# COVID-19 HYPOTHESIS TESTING
Hypothesis testing is the use of statistics to determine the probability that a given hypothesis is true.

## Table of Contents
1. Import Libraries   
2. Load Data
3. Testing For Normality
4. Test Of Equal Variance
5. Mood's Median Test

### 1. Import Libraries

In [2]:
import statsmodels
import numpy as np
import pandas as pd
import scipy.stats as stats
from scipy.stats import anderson
import matplotlib.pyplot as plt

### 2. Load Data

In [3]:
# Aggregated Covid data set for each continent in csv format is read and stored in different pandas dataframes. 
asi = pd.read_csv("C:\\Users\\dkowu\\Desktop\\Asia Cases.csv")
af= pd.read_csv("C:\\Users\\dkowu\\Desktop\\Africa Cases.csv")
eu= pd.read_csv("C:\\Users\\dkowu\\Desktop\\Europe Cases.csv")
na= pd.read_csv("C:\\Users\\dkowu\\Desktop\\North America Cases.csv")
sa= pd.read_csv("C:\\Users\\dkowu\\Desktop\\South America Cases.csv")
oc= pd.read_csv("C:\\Users\\dkowu\\Desktop\\Oceania Cases.csv")

### 3. Normality Test

Many statistical models are based on an underlying assumption of normality hence the need to test for normality. 
The normality test is a hypothesis test.
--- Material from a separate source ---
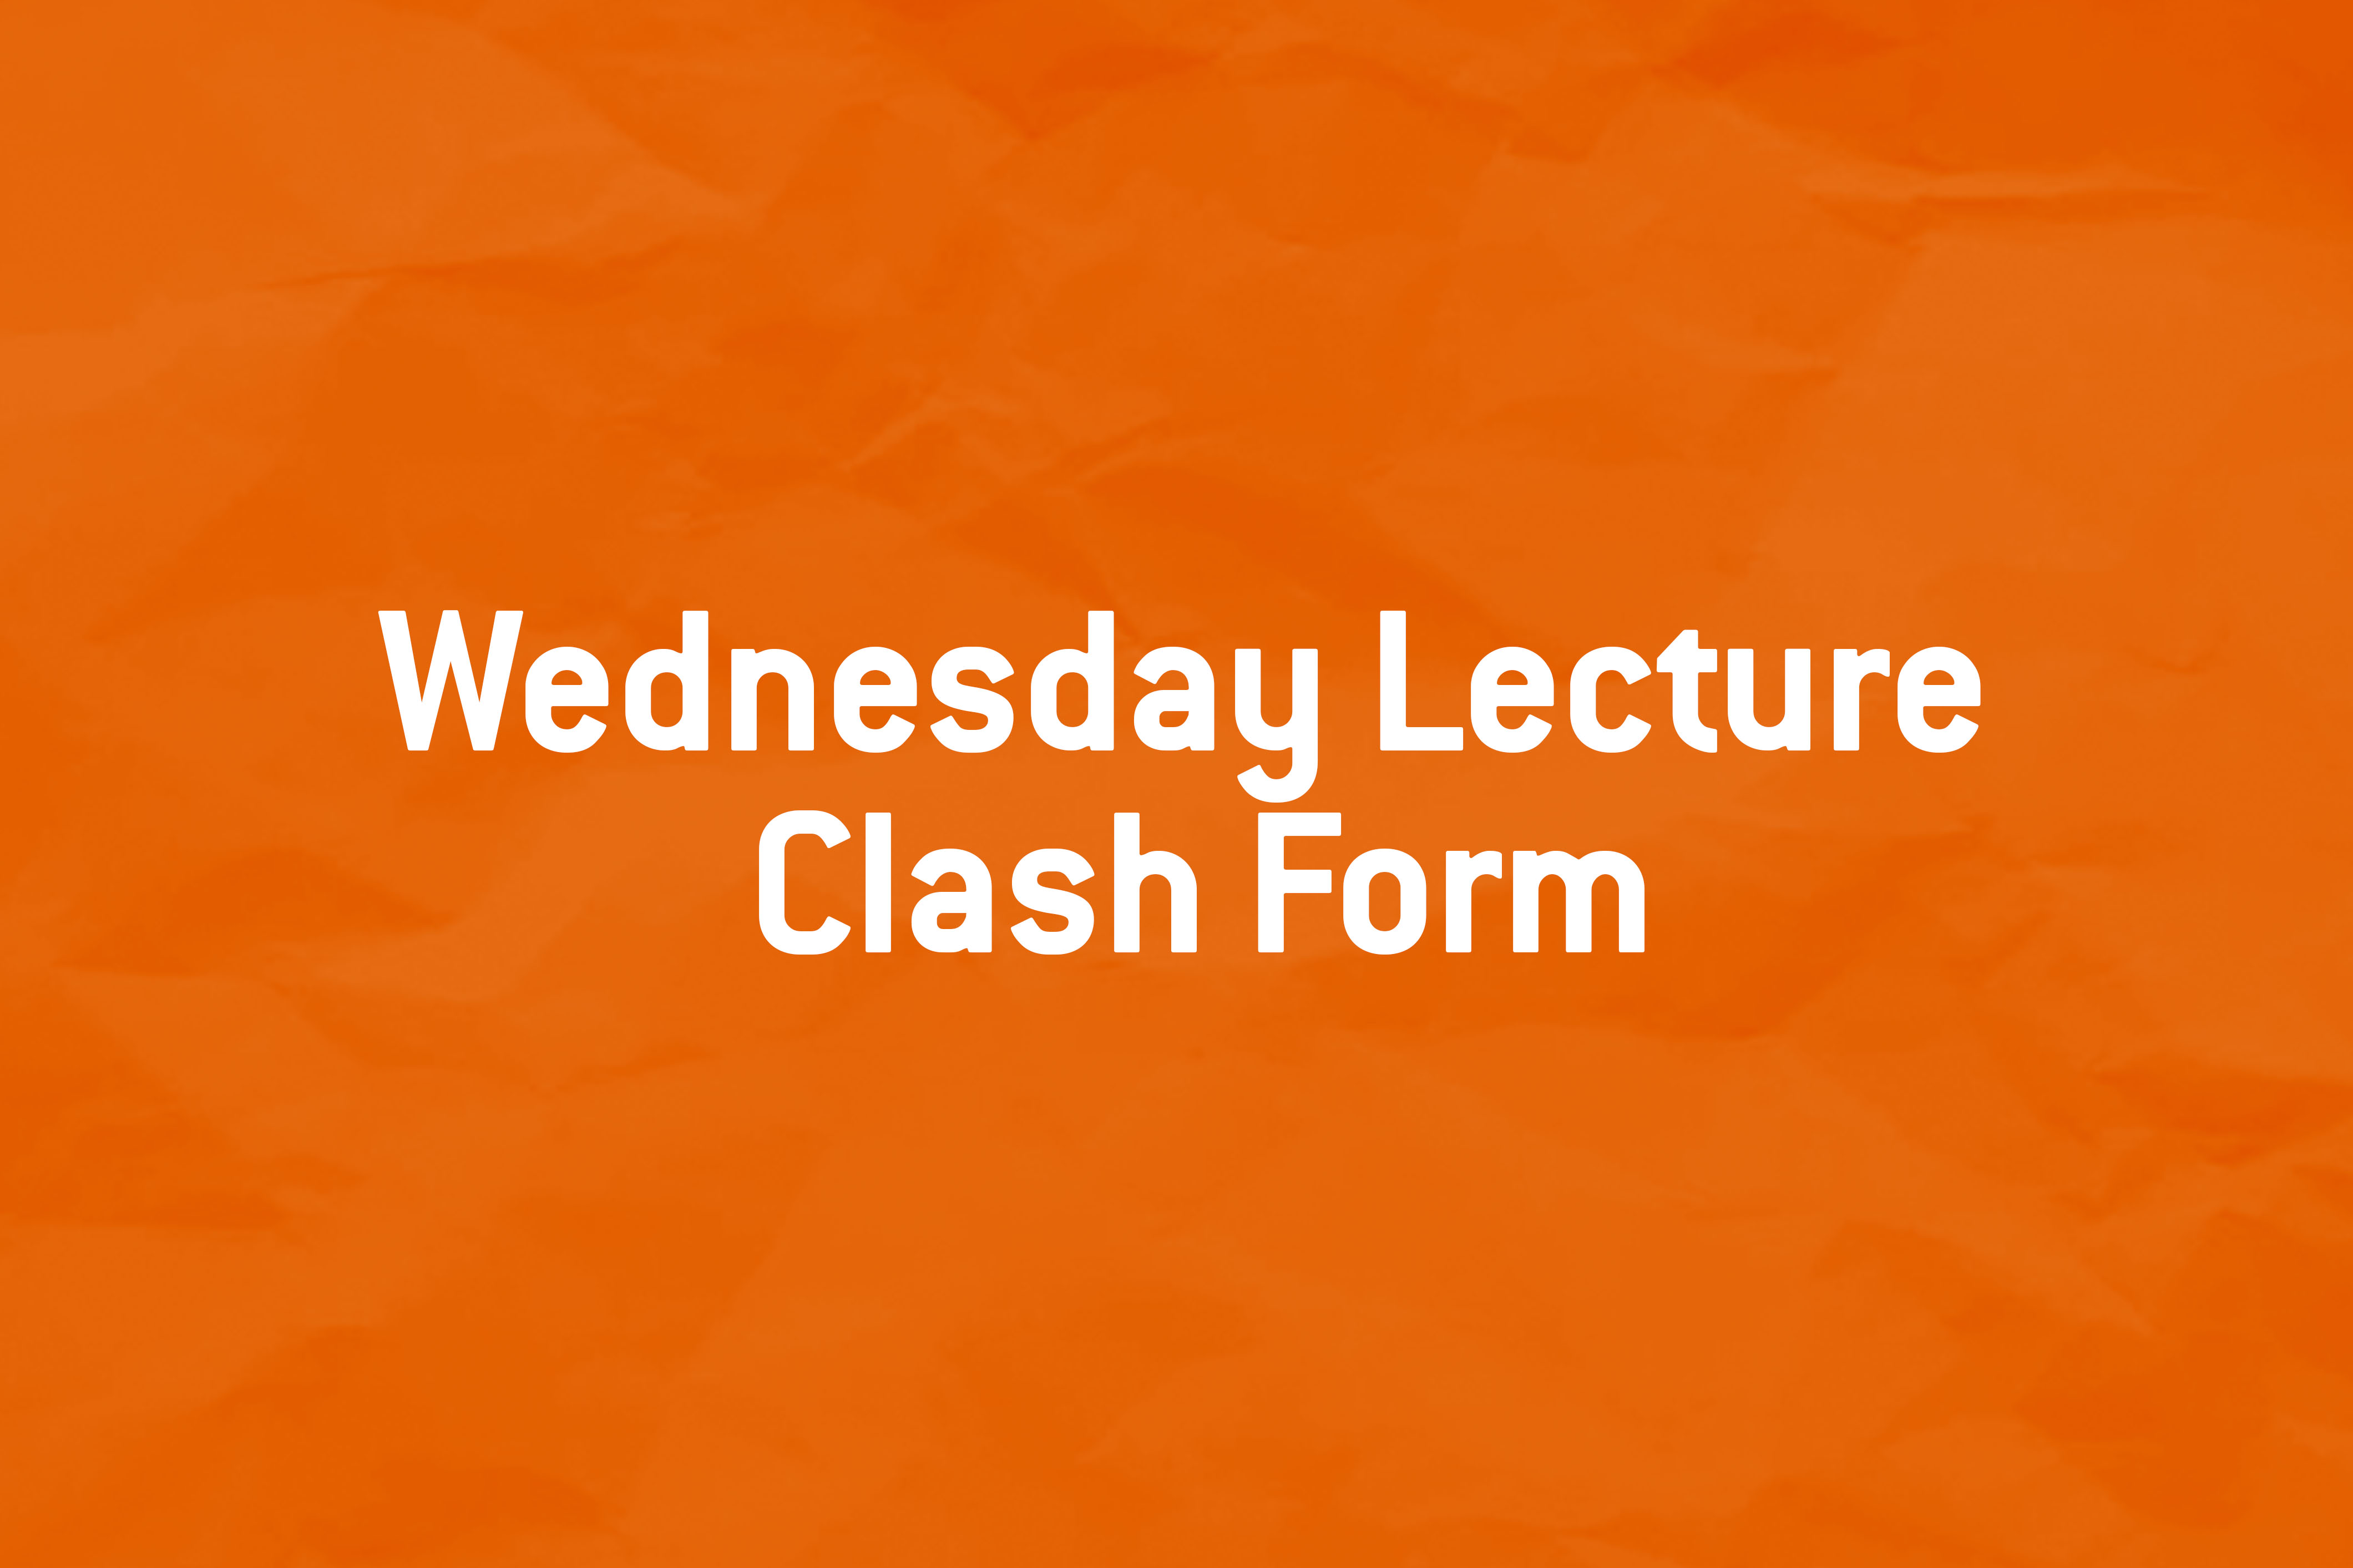 Wednesday Lecture Clash Form

The null hypothesis (Ho) is that your data is not different from normal. Your alternate or alternative hypothesis (Ha) is that your data is different from normal.Regardless of the statistical normality test you use, you will make your decision about whether to reject or not reject the null based on your p-value. 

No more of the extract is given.